Страница 30 из 41
Мэри умолкает и снова вспоминает о французском коньяке.
— Повторите точно, что вы ему сказали, — прошу я, выждав, когда она выпьет количество, достаточное для поднятия духа.
— И это я должна повторять? — вздыхает она.
— Да, конечно. И точно так же: слово в слово!..
На улице уже темно, и люстра в моём кабинете давно зажжена, когда я, наконец, благоволю заключить:
— Я вами доволен, Мэри.
— А меня просто уже мутит!
— Ну, женщины нашей профессии всегда или безрассуднее мужчин, или слишком мягкотелы. Вы относитесь ко второй категории.

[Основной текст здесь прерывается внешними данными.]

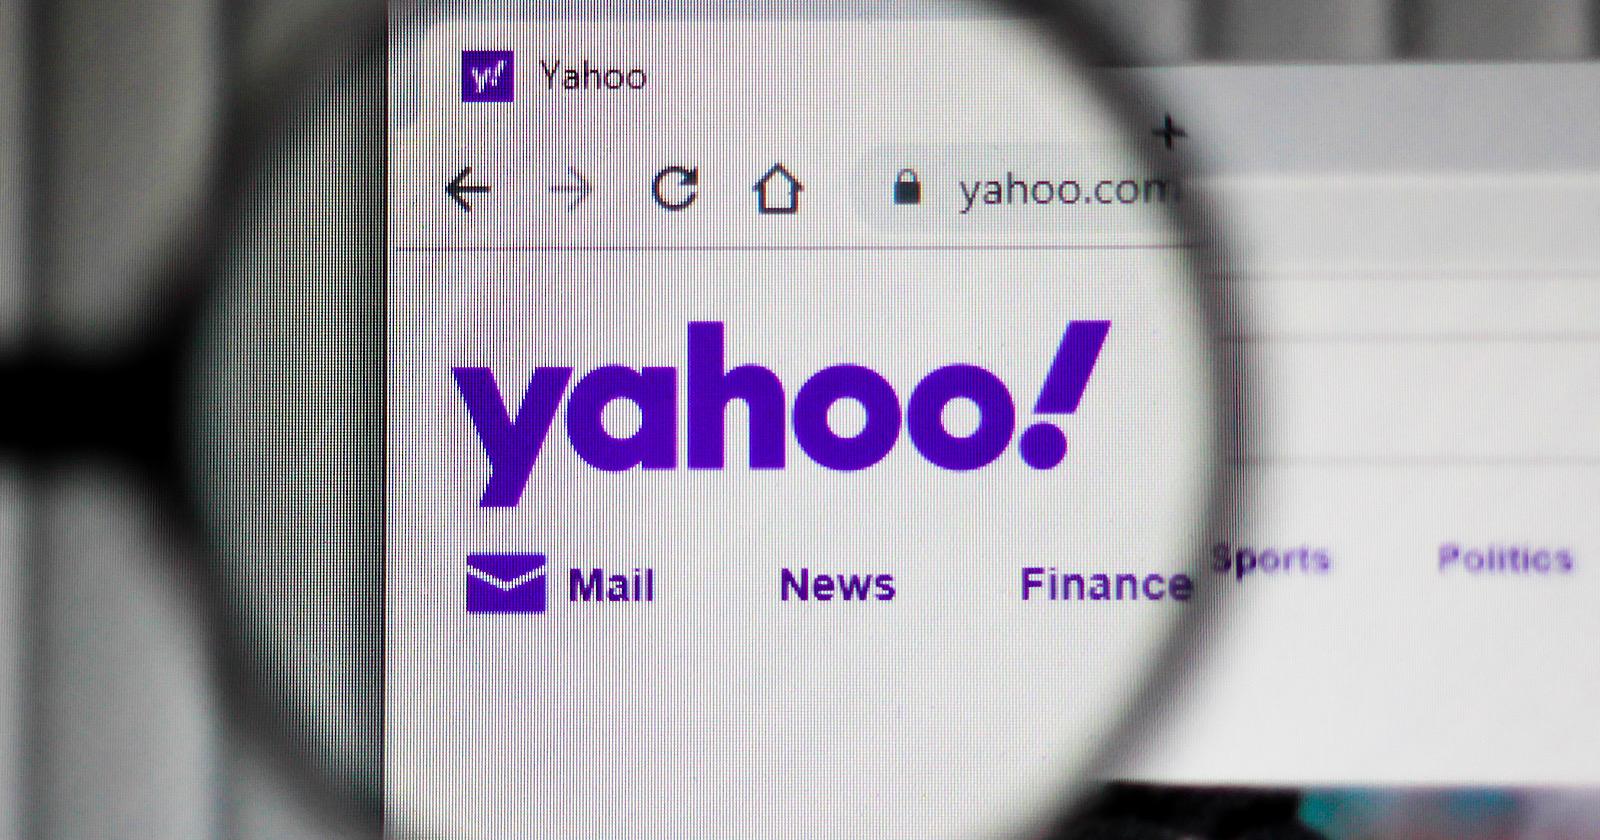 Yahoo Groups to Shut Down December 15

— В таком случае я прошу вас больше не впутывать меня в подобные афёры.
— Учту вашу просьбу, хотя и с глубоким прискорбием. При большей твёрдости характера из вас вышел бы отличный работник. Вы рождены искушать. Я видел, как вы демонстрировали ему свои прелести.
— К вашему сведению, я не собиралась их демонстрировать, а он на них не обращал никакого внимания. Он, похоже, жаждет только наркотиков!..
— Ну, вы удовлетворили и эту его жажду. Значит, сделали доброе дело.
— Вы даже злорадствуете по поводу судьбы этого несчастного, которого послали на встречу со скорой смертью.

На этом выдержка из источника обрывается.